5. Critérios de imperiosidade transfusional

As questões levantadas pelas “Testemunhas de Jeová” levaram ao estudo, pesquisa e redefinição de critérios de indicação de necessidade de transfusão de sangue (ou seus derivados) tendo levado à sua dispensa quer por descida dos valores mínimos ou por meio de soluções alternativas (ministração de eritropoietina, por exemplo).
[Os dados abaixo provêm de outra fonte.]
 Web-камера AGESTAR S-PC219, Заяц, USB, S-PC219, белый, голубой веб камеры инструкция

Assim, quando em presença dum doente que professa esta crença haverá que prever de imediato as suas necessidades terapêuticas (sangue e derivados), bem assim como considerar a necessidade de dialogar com Colegas com particular experiência na área. Há um eficiente serviço de contactos mediados pelos membros da Ligação Hospitalar, permanentemente disponíveis para o efeito.

 

6. Competência decisória – Consentimento e Autonomia - – Doente Inconsciente

Uma vez conhecedor da afiliação religiosa deverá o profissional de saúde tentar confirmá-la. Há uma indicação dada aos membros desta confissão para que se façam acompanhar dum documento oficial em que declarem a sua exigência de abstenção de tratamentos com sangue, que é uma expressão da sua vontade e Declaração de Isenção de Responsabilidade do profissional de saúde pela sua evolução. É de crer que em breve estas declarações estejam mais facilmente acessíveis no ficheiro individual do paciente no Portal da Saúde, onde deve ser procurado.
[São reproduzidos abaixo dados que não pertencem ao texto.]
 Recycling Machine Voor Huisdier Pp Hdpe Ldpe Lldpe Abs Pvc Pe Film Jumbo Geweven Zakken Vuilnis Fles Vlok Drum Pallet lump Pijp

A informação do familiar é relevante em termos de desencadear a busca de dados objetivos da opção do doente, mas não se sobrepõe à obrigação médica de bem tratar.
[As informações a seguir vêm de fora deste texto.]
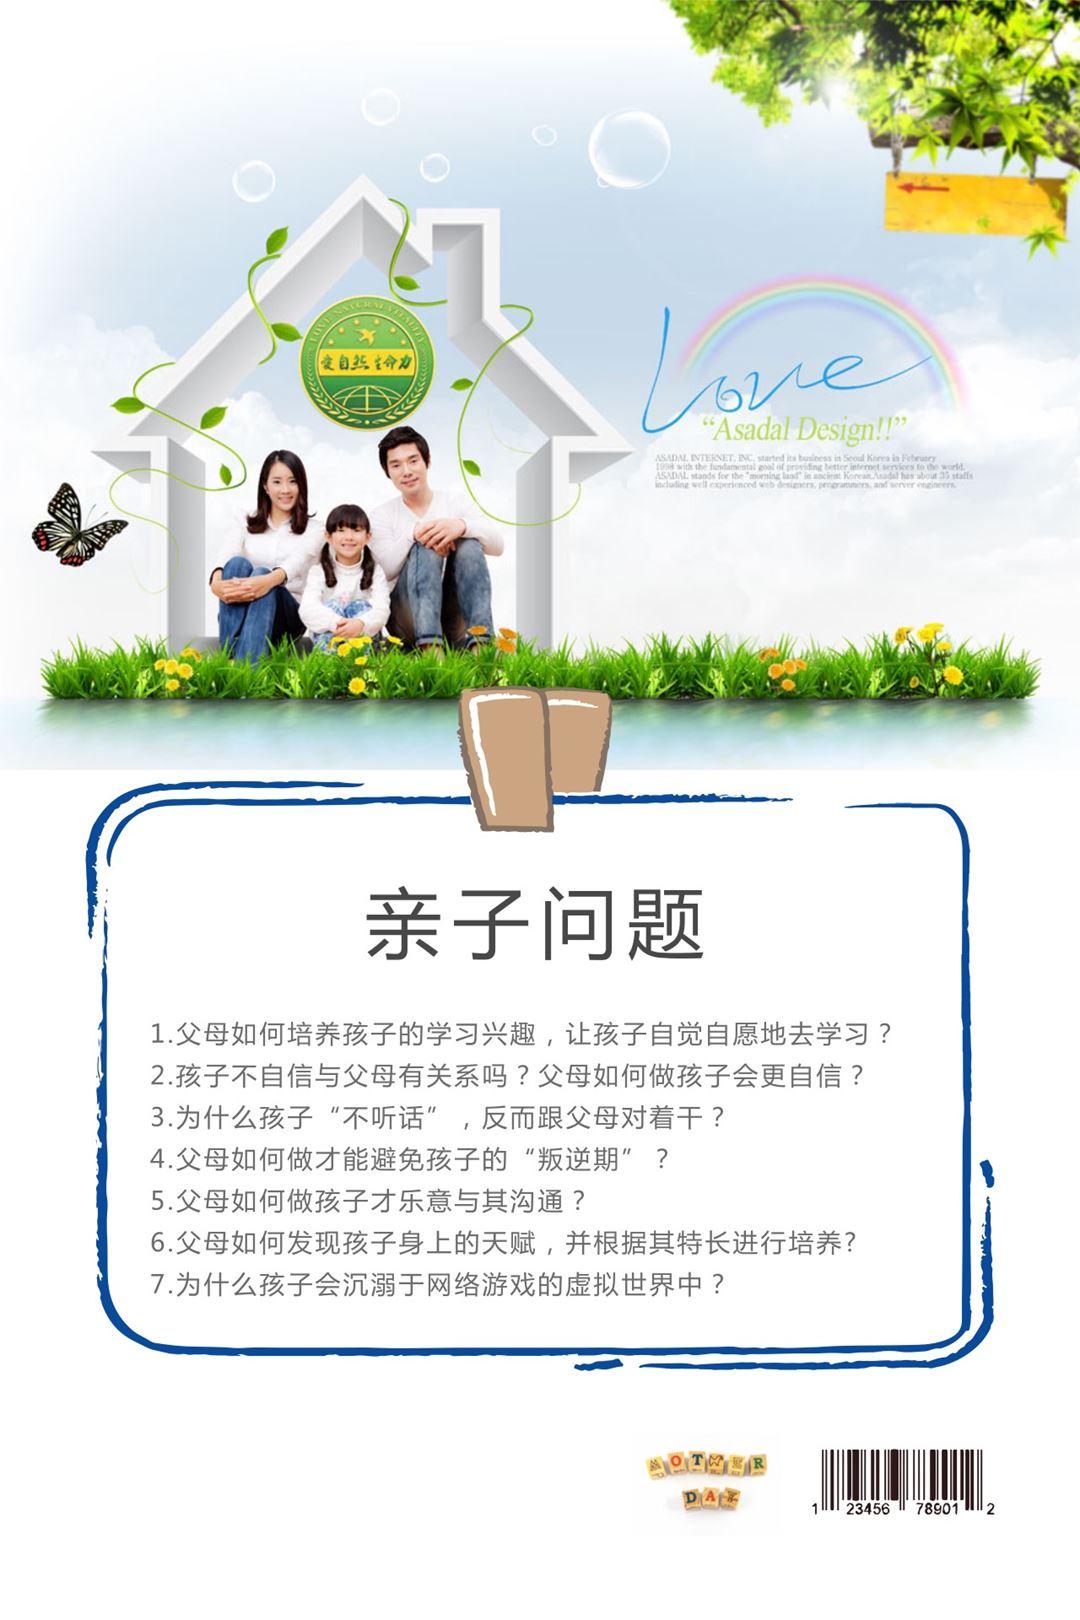 http://www.huodongxing.com/file/20180515/1003056949915/644176693930714.jpg

Infelizmente sobejam exemplos de desentendimento familiar e a acreditar plenamente naquela indicação não apenas pode o Médico tomar como vontade do paciente o que é afinal a opinião do seu familiar, como ter este conflitos de interesses a que aquele deve ficar alheio.

 

7. Posicionamento Deontológico e Profissional

A gravidade da situação clínica condiciona logicamente a tomada de decisão, sobretudo no que se refere ao tempo disponível para a assumir.

Ora no caso presente

- não parece da descrição ser a terapêutica transfusional  nem imperiosa nem emergente o que permite que se possa meditar sobre a sua real necessidade ou buscar alternativas;

- no entretanto e perante a recusa do filho deverá ser procurado (ou a este solicitado) qualquer documento que confirme a decisão inequívoca do doente, e apenas deste, de não lhe ser ministrado sangue ou produtos dele derivados;

- se esta declaração estiver acessível deverá ser incluída cópia no respectivo processo clínico e respeitar a vontade que nela o doente expressou;

- a não ser encontrado tal documento pode o Médico transferir a responsabilidade para outro que professe aquela confissão (se existir na instituição e estiver disponível), pedir mediação do elemento de Ligação Hospitalar para contacto com Colegas com experiência no cuidado de situações idênticas (eventual transferência, previsivelmente dificultada pelo estado do doente), ou a não existir actuar de acordo com o princípio da beneficência.

Dum ponto de vista profissional e medicolegal há que relevar a importância de que todas as informações, opções e decisões tomadas devem ficar devidamente registados no processo clínico, onde deverão incluídas logo que possível.

 

8. Competência decisória – Consentimento e Autonomia – Doente Menor

Uma vez que é o menor considerado incompetente para assumir uma posição de recusa de sangue e derivados, é de esperar que esta seja declarada pelos seus progenitores.

Mais recentemente as situações de confronto com os familiares são mais facilmente ultrapassáveis, pois embora não aceitem a responsabilidade de permitir a transfusão de sangue não se opõem a que a mesma seja efetivada desde que daquela fiquem isentos, isto é, uma vez retirado o poder paternal por solicitação emergente do clínico ao Ministério Público.